# Noether problem

2020 Mathematics Subject Classification: *Primary:* 12F [MSN][ZBL]

The question of the rationality of the field of invariants of a finite group acting by automorphisms on a field of rational functions. More precisely, let $K=\mathbf Q(x_1,\dots,x_n)$ be the field of rational functions in $n$ variables with coefficients in the field $\mathbf Q$ of rational numbers, so that $K$ is a purely transcendental extension of $\mathbf Q$ of transcendence degree $n$. Also, let $G$ be a finite group acting by automorphisms on $K$ by means of permutations of the variables $x_1,\dots,x_n$. The question is now whether the subfield $K^G$ of $K$ consisting of all elements fixed under $G$ is itself a field of rational functions in $n$ (other) variables with coefficients in $\mathbf Q$. This question was raised by E. Noether [1] in connection with the inverse problem of Galois theory (cf. Galois theory, inverse problem of). If the answer to Noether's problem were affirmative, one could construct a Galois extension of $\mathbf Q$ with a given finite group $G$ (see [5]). The problem is also closely connected with the Lüroth problem.

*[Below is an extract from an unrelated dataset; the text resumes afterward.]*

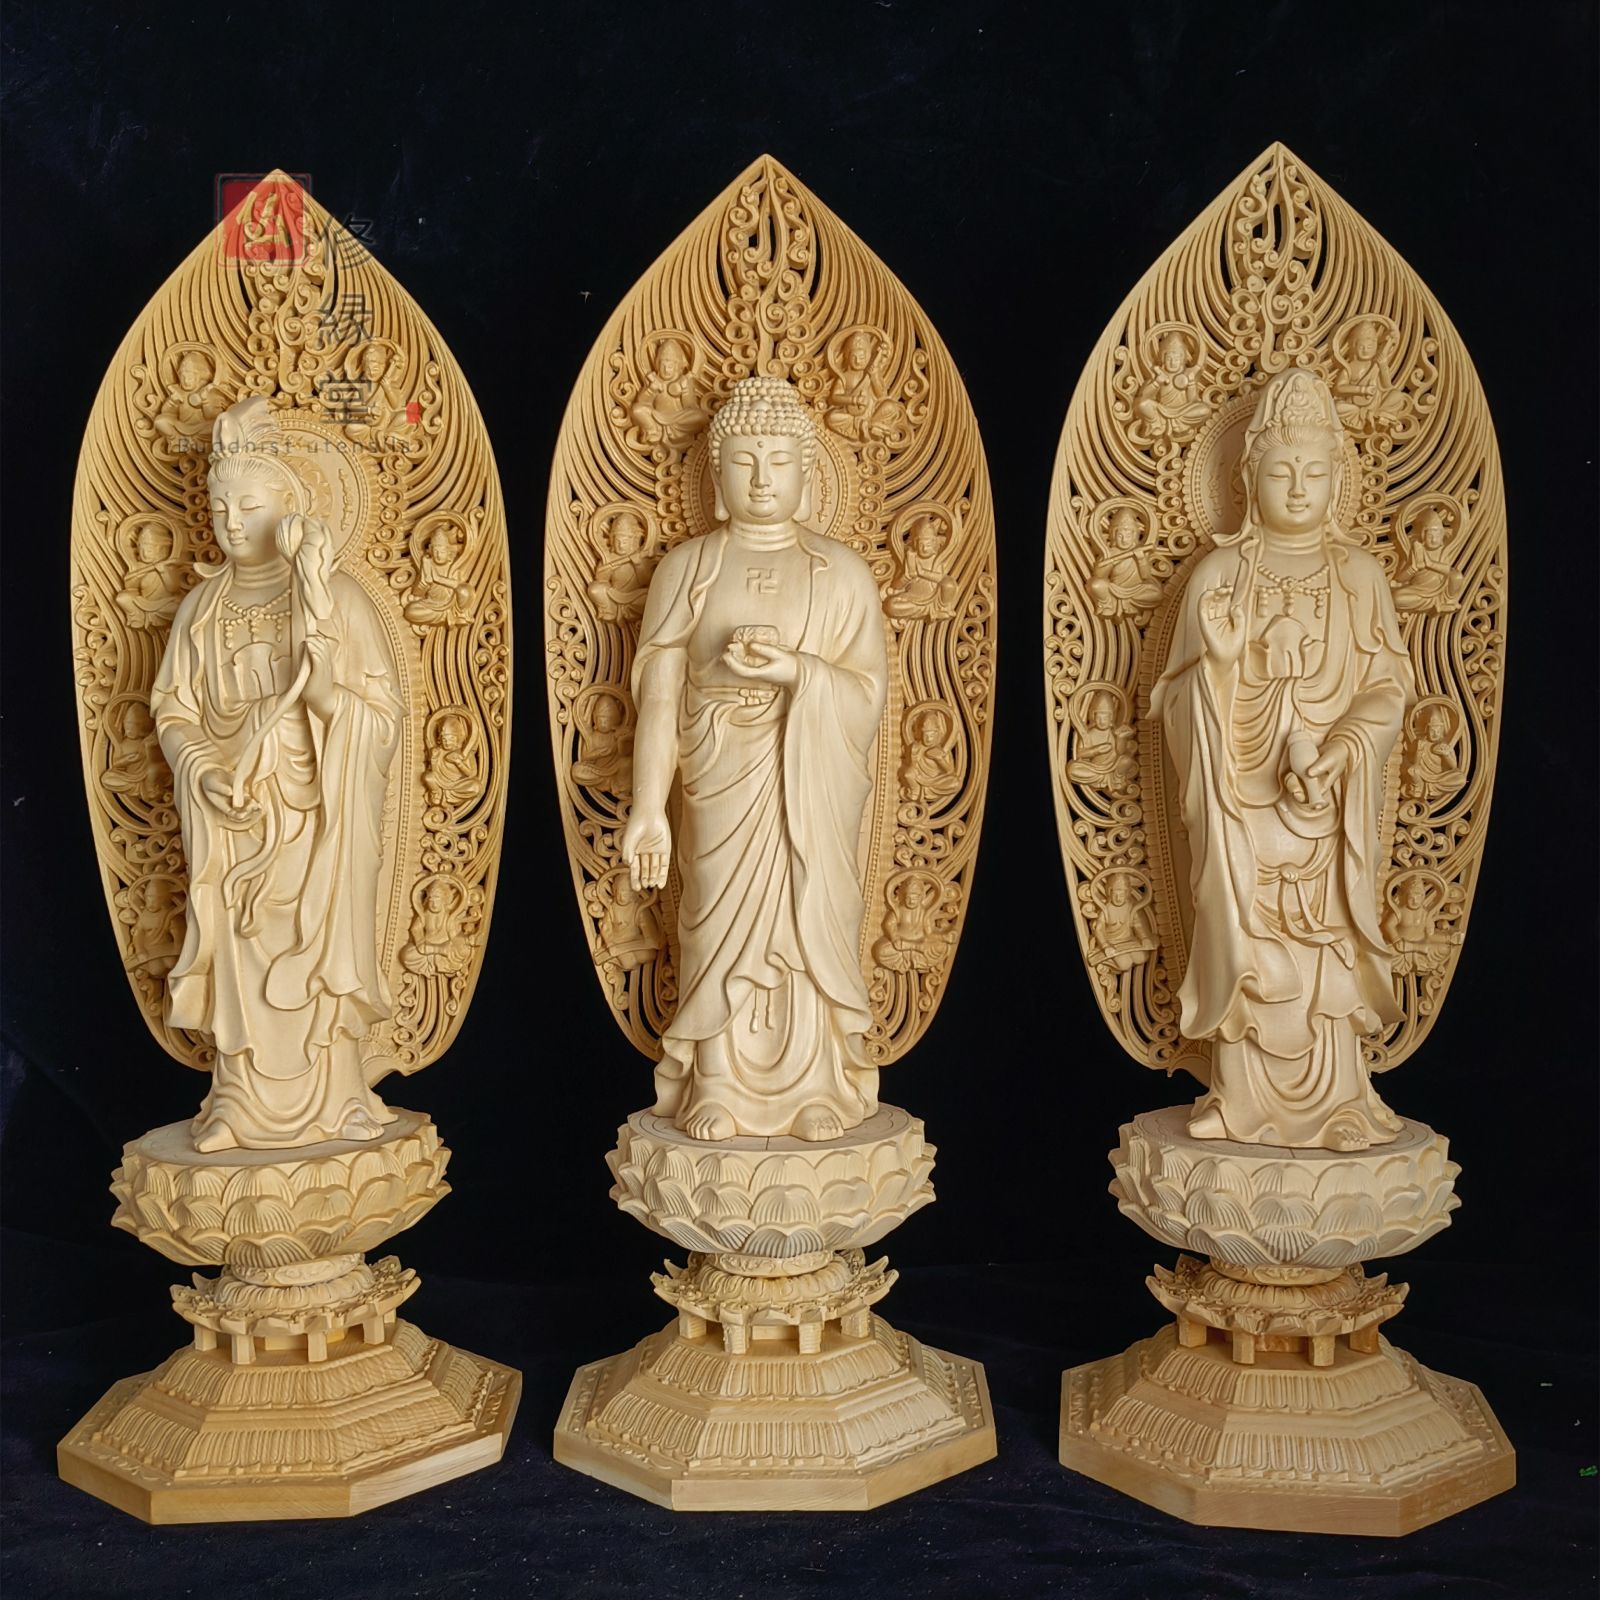 修縁堂】最高級 木彫り 仏像 阿弥陀三尊 彫刻 一刀彫 天然木檜材 仏教

In general, the answer to Noether's problem is negative. The first example of a non-rational field $K^G$ was constructed in [2], and in this example $G$ is generated by a cyclic permutation of the variables. In [3] it was established that the necessary condition for the rationality of $K^G$ found in [2] is also sufficient. The question of rationality of $K^G$ in the case of an Abelian group $G$ is closely connected with the theory of algebraic tori (cf. Algebraic torus) (see [4]).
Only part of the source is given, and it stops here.